**Exercise description**
Below is a listing with pictures in it; transcribe exactly the lines from the one that has "Berlin, Vattenfall pour" through the one that has "Ulusal Böbrek Hastalıkları, Diyaliz", and omit those pictures.
Start of Data shown
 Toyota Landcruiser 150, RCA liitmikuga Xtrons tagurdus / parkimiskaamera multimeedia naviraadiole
End of Data shown
Start of Data shown
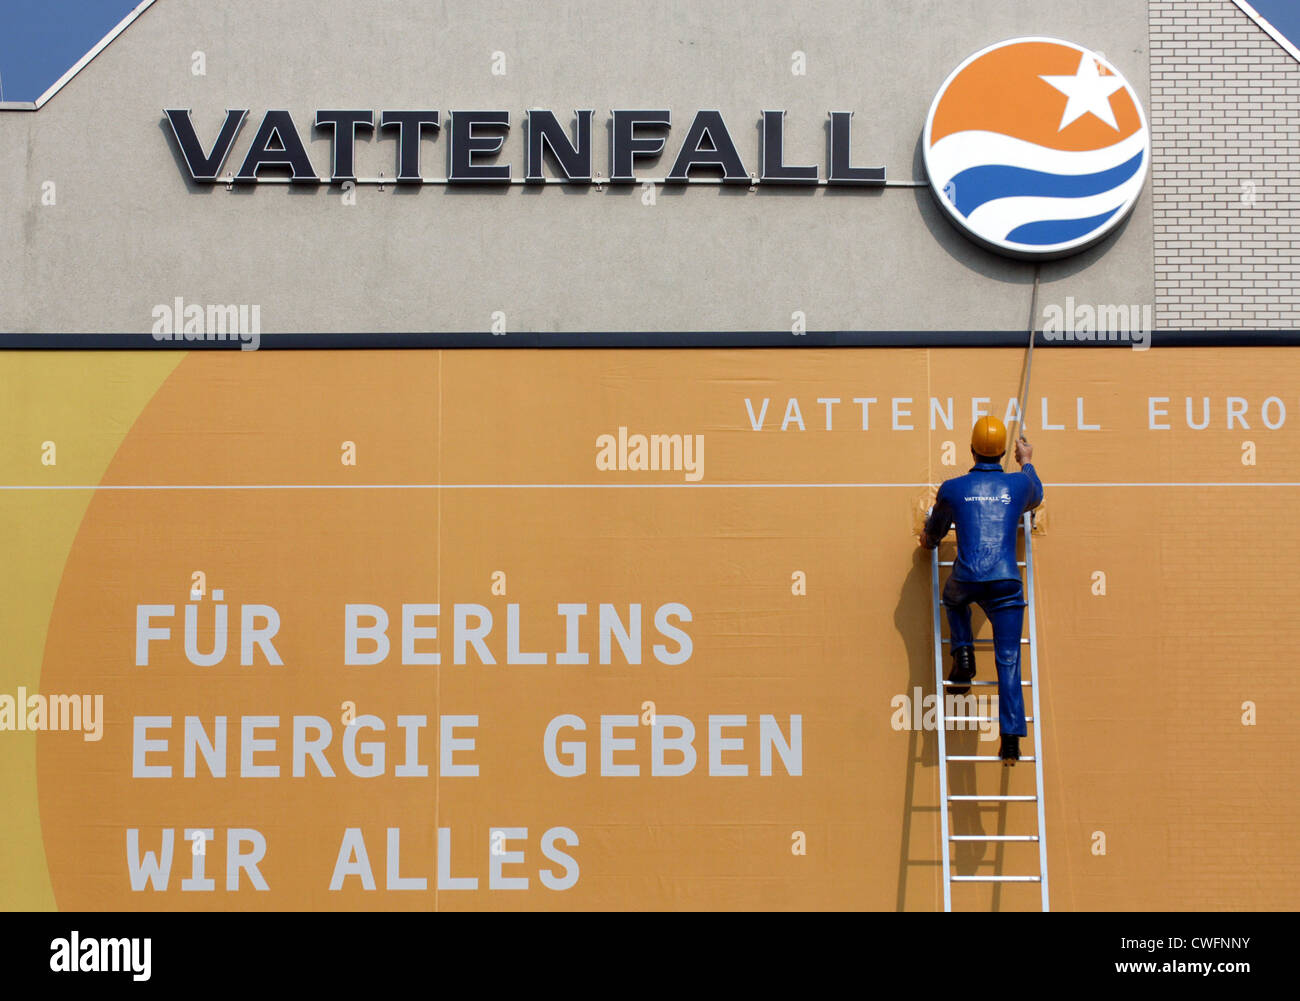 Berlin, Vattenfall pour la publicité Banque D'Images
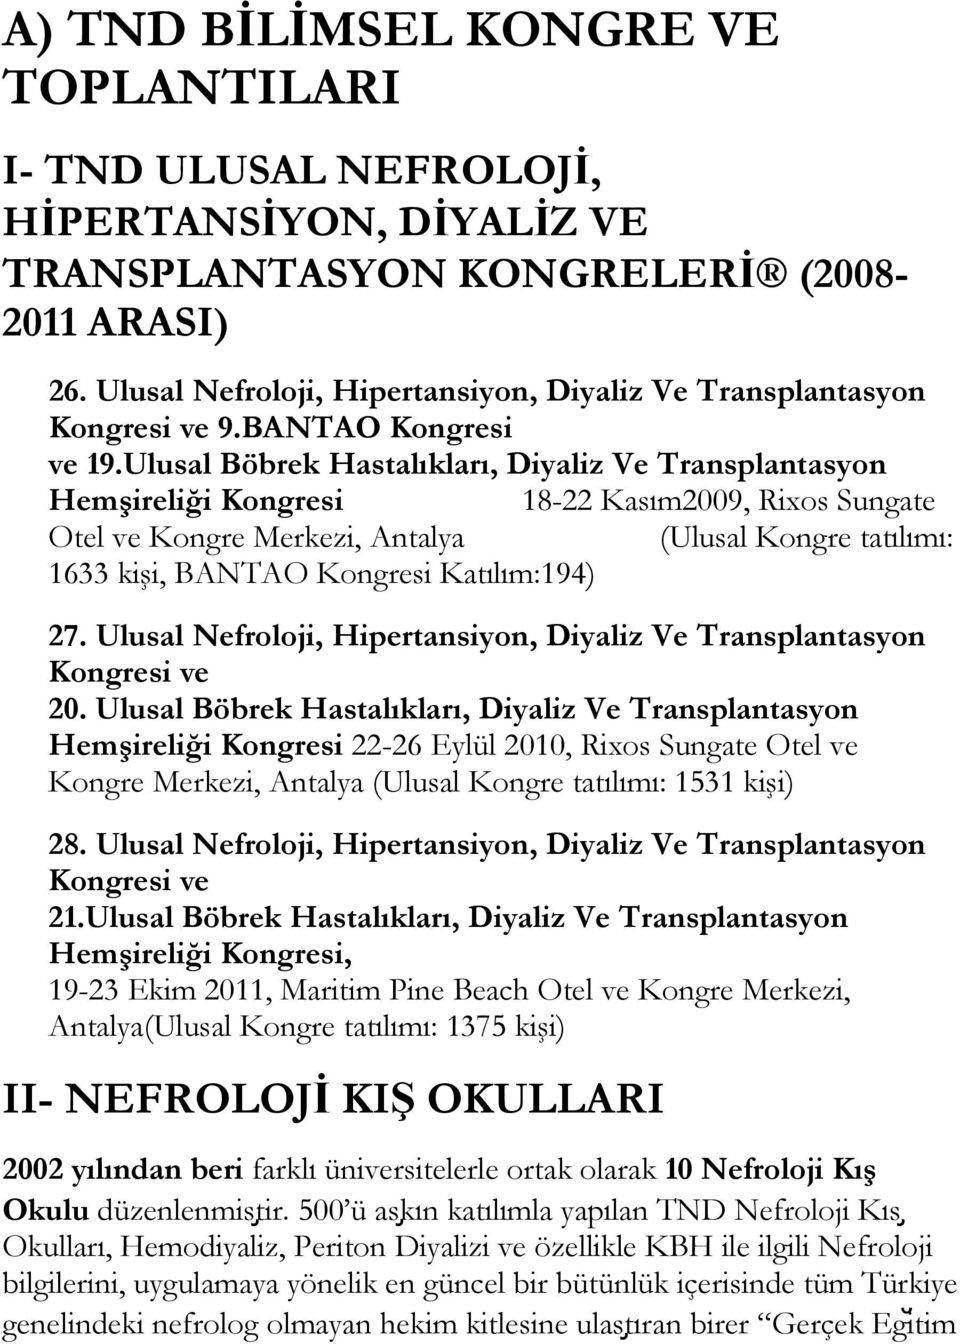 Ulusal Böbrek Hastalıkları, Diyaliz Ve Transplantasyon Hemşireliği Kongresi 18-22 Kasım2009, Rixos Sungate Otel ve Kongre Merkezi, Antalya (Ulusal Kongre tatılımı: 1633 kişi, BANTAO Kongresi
End of Data shown
**Exercise response**
 Berlin, Vattenfall pour la publicité Banque D'Images
 Ulusal Böbrek Hastalıkları, Diyaliz Ve Transplantasyon Hemşireliği Kongresi 18-22 Kasım2009, Rixos Sungate Otel ve Kongre Merkezi, Antalya (Ulusal Kongre tatılımı: 1633 kişi, BANTAO Kongresi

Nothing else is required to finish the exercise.